系统弹出了倒计时窗口。“玩家017强制删除指令已接收。执行倒计时六十秒。在此期间可取消。”
管理员A看着倒计时的数字从六十秒开始往下走,手指从键盘上移开了。靠在椅背上盯着天花板。天花板的灯是白的,白得刺眼。他没有眨眼,盯着那盏灯盯了很久,久到眼睛酸了。光在视网膜上烧出了一个固定的光斑,光斑是白色的,圆的。他没有闭眼,白色光斑在他的视野里慢慢扩散。
苏念的终端在倒计时开始的那一瞬间弹出了一条系统警报。不是系统通知,是警报。边框是红色的,字体是红色的。内容很短。“玩家017强制删除指令已接收。
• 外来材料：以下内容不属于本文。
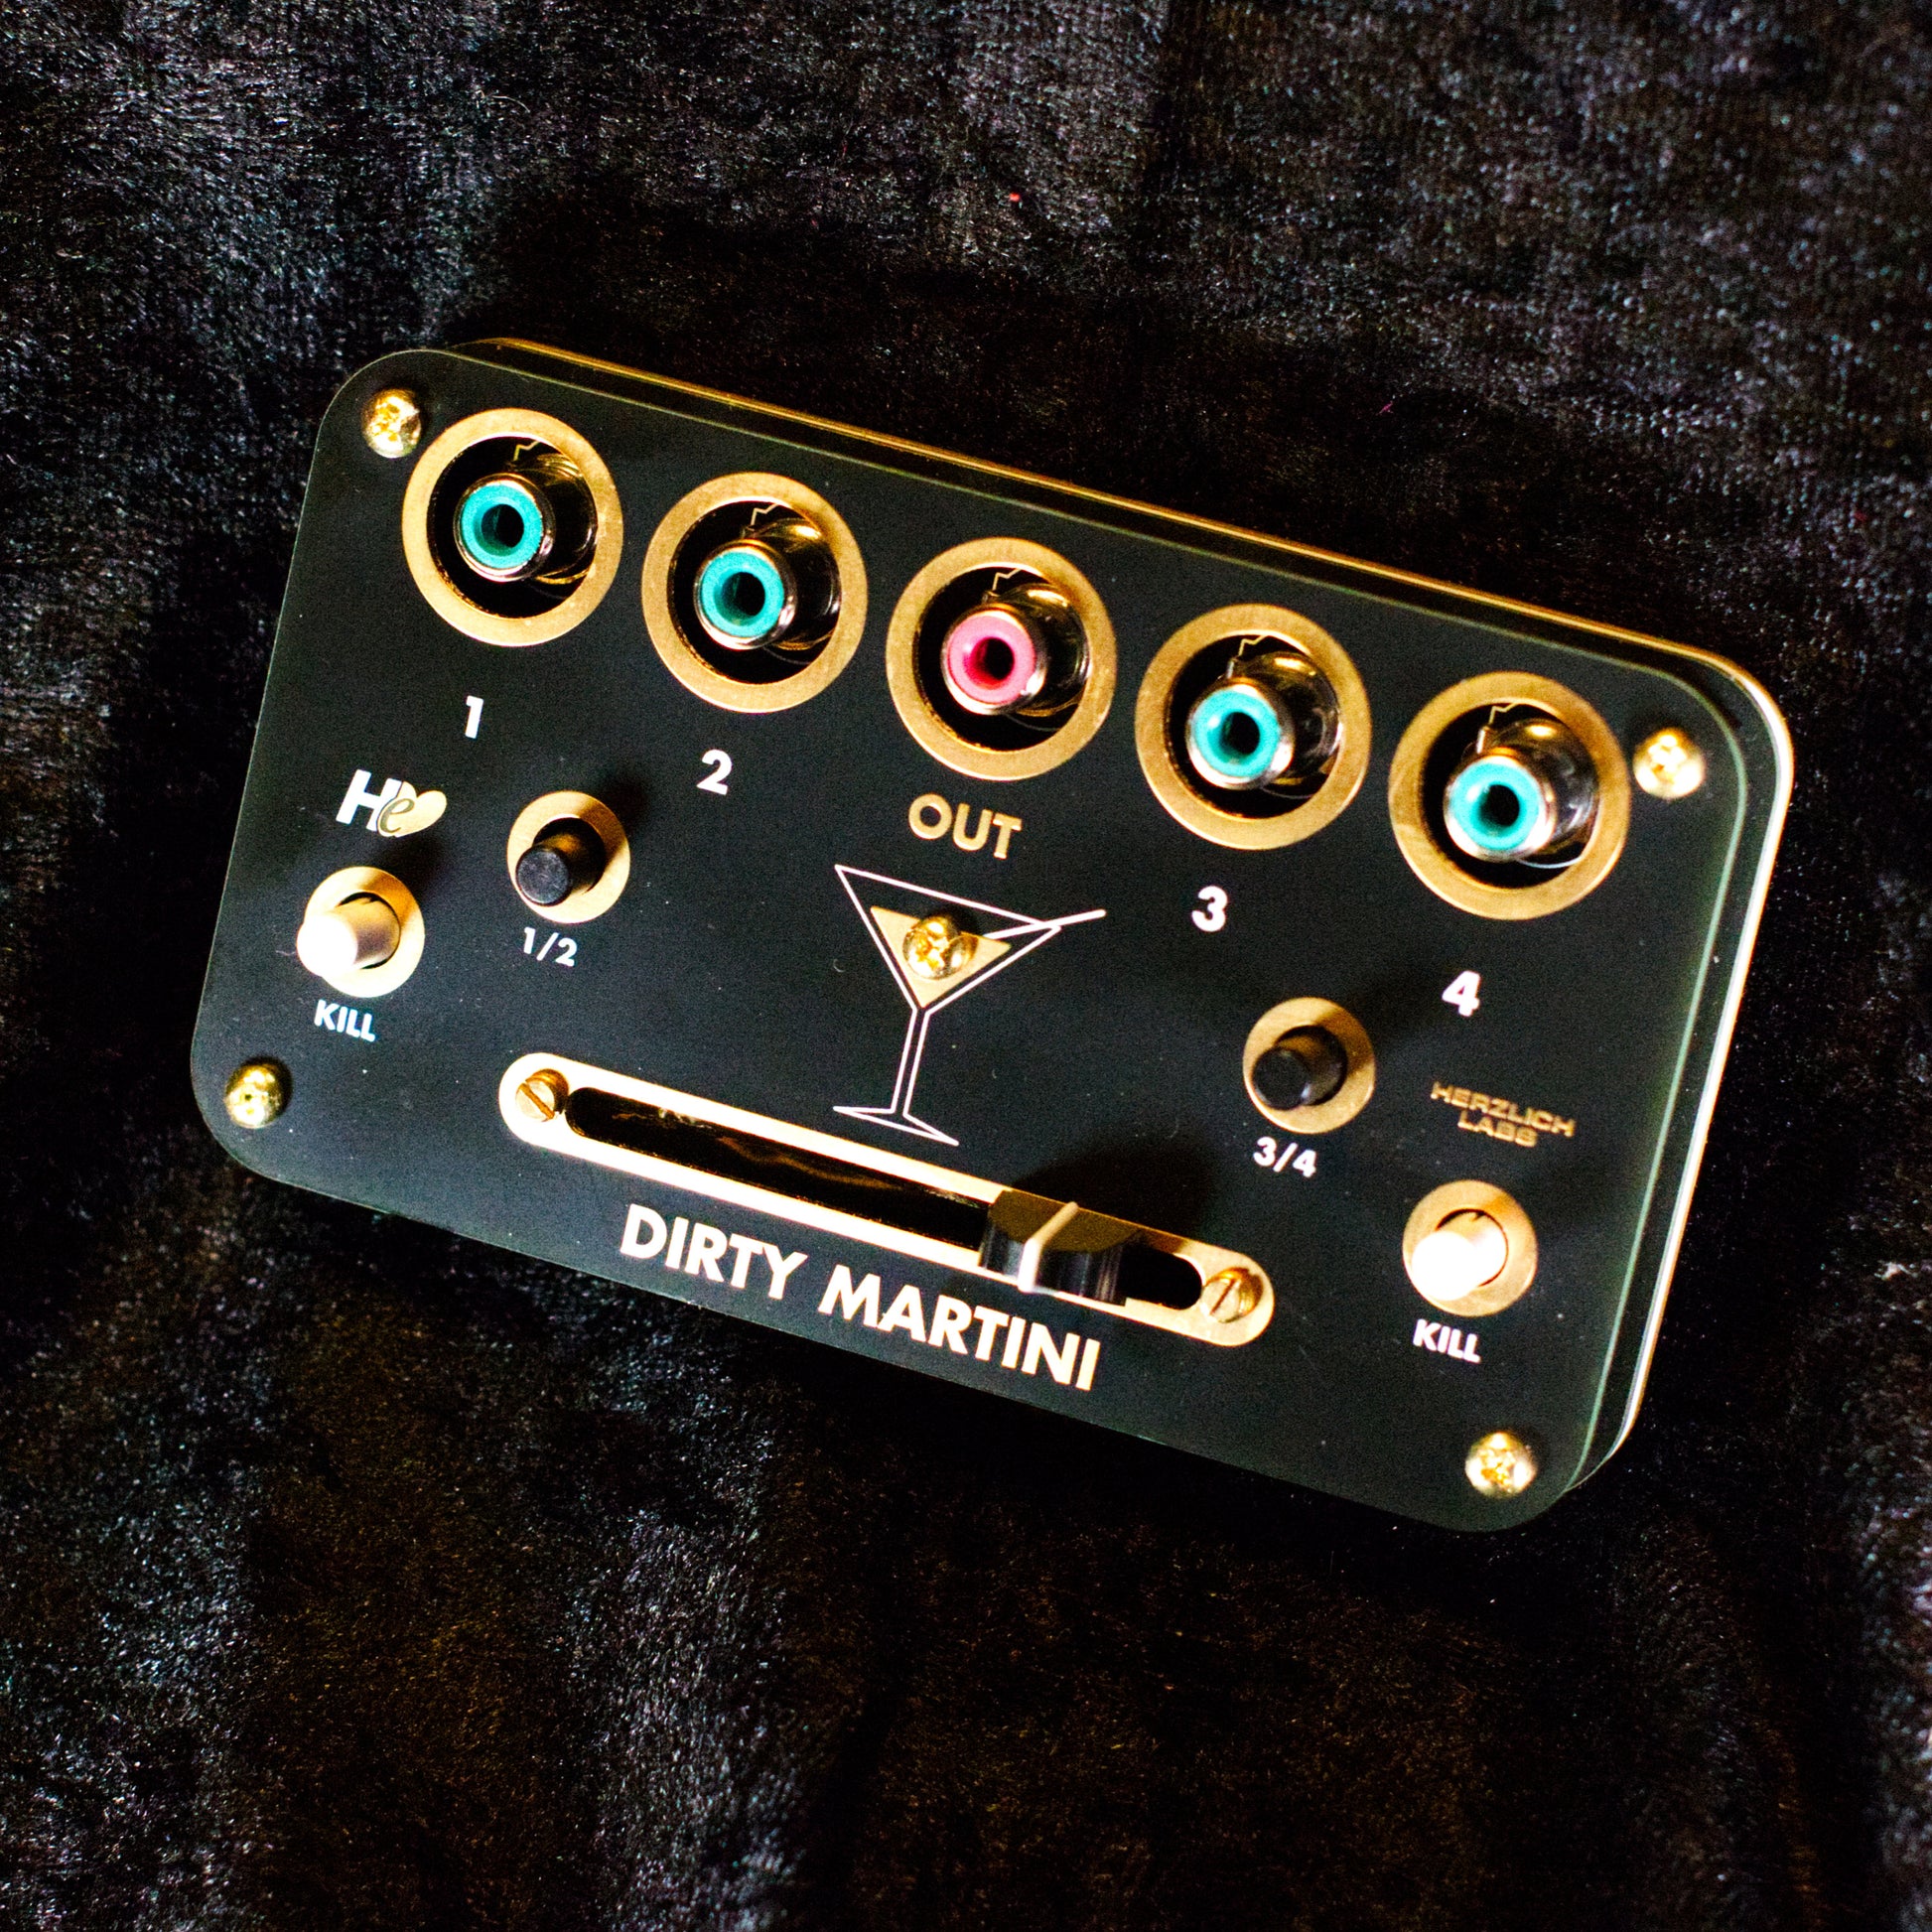 Video Dirty Mixer - Herzlich Labs Dirty Martini - passive glitch mixer for video with fader, 4-input selection and performance switches

倒计时剩余时间五十九秒。”她把这条警报读了一遍,手指在键盘上没有停。不是慌,是在执行她第69章就写好的反制脚本。脚本的名字是“反删号”。她把脚本从X的文件夹里调了出来,脚本的内容不是代码,是一行注释。“第69章锁死管理员A紧急情况权时复制了他的权限令牌密码。密码在X文件夹。”她把X文件夹打开了,在第69章的记录下面找到了那串字符串。字符串的长度很长,长到她用手指在屏幕上划了好几下才划到底。她把这串字符串复制了。
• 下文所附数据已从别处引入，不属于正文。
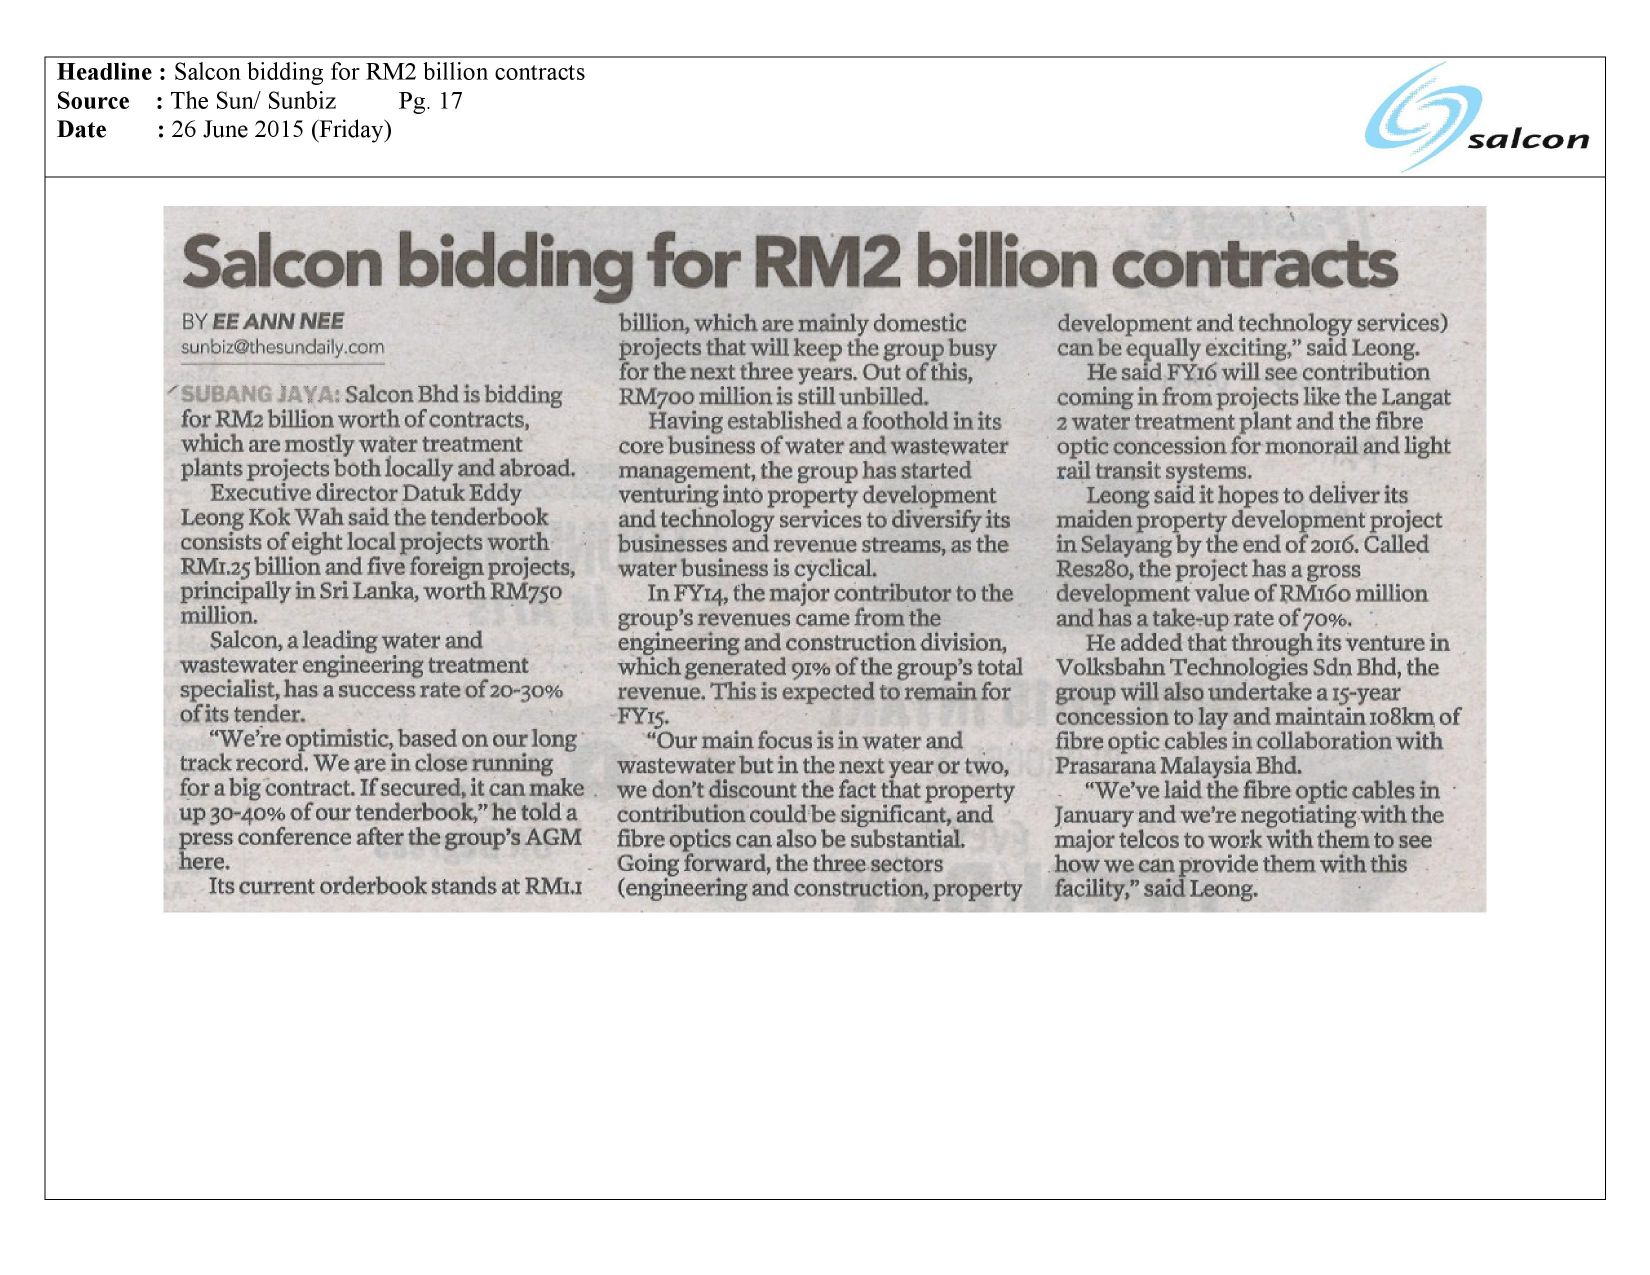 Salcon bidding for RM2 billion contracts

公共频道的直播在倒计时还剩不到一分钟的时候开了。不是视频直播,是文字直播。她在公共论坛发了一个帖子,帖子的标题打了一行字:“管理员A的最高权限令牌密码。”内容不是文字,是那串字符串。字符串没有打码,没有分段,没有注释。她把字符串贴在帖子的正文里,发送。
联盟频道在帖子发出的那一瞬间炸了。不是文字,是复制。几百个人同时复制那串字符串,几百个人同时打开监控室的登录界面,几百个人把字符串粘贴进令牌验证窗口。验证窗口在字符串粘贴进去之后自动跳转到了管理员A的终端管理界面。界面不是黑白的,是彩色的。终端管理界面上显示着管理员A正在执行的操作——倒计时三十几秒的删号指令。
管理员A的终端在收到几百条登录请求的那一瞬间卡住了。不是死机,是验证模块在处理请求的时候把CPU占满了。请求的数量从几百跳到了上千,从上千跳到了几千。验证模块每处理一个请求就要验证一次令牌的正确性,每一次验证都要比对字符串的长度和字符。几千次验证同时在跑,跑的速度跟不上请求的速度。管理员A的终端屏幕开始闪烁,不是关机,是验证模块在反复重置。
系统检测到异常登录,自动锁定管理员A的账户。锁定不是停用,是把账户的状态从“活跃”改成了“审计中”。审计中的账户不能执行任何操作,包括正在执行的删号指令。删号指令在倒计时还剩十几秒的时候终止了。倒计时窗口从屏幕上消失了,取而代之的是一行灰色的字:“指令已终止。操作者权限不足。”管理员A的手指从键盘上抬起来,看着屏幕上的那行灰色的字。字很小,颜色很淡。他把那行字读了一遍,把终端关掉了。不是关程序,是关机。手指在电源键上按了很久,屏幕暗了。不是黑屏,是暗了。暗了之后屏幕上还在反光,反光里有他的脸。脸是灰色的,嘴唇是白的。
苏念在公共论坛的帖子里看到倒计时终止的消息不是有人告诉她的,是她在系统日志里自己看到的。日志里的记录很短。“玩家017强制删除指令已终止。终止原因:操作者权限不足。操作者账户状态:审计中。”她把这条记录截图存进了X的文件夹。
从口袋里掏出那卷铜芯,铜芯温了。她把铜芯掰直了,在桌上刻的那行字下面刻了一行新字。刻的是:“管理员A删号倒计时。公开密码。终端被挤爆。账户锁定。指令终止。”刻完之后她把铜芯卷好塞回口袋。手指摸着新刻的那行字的笔画,笔画很浅。她没有刮,把手指从桌上收回来。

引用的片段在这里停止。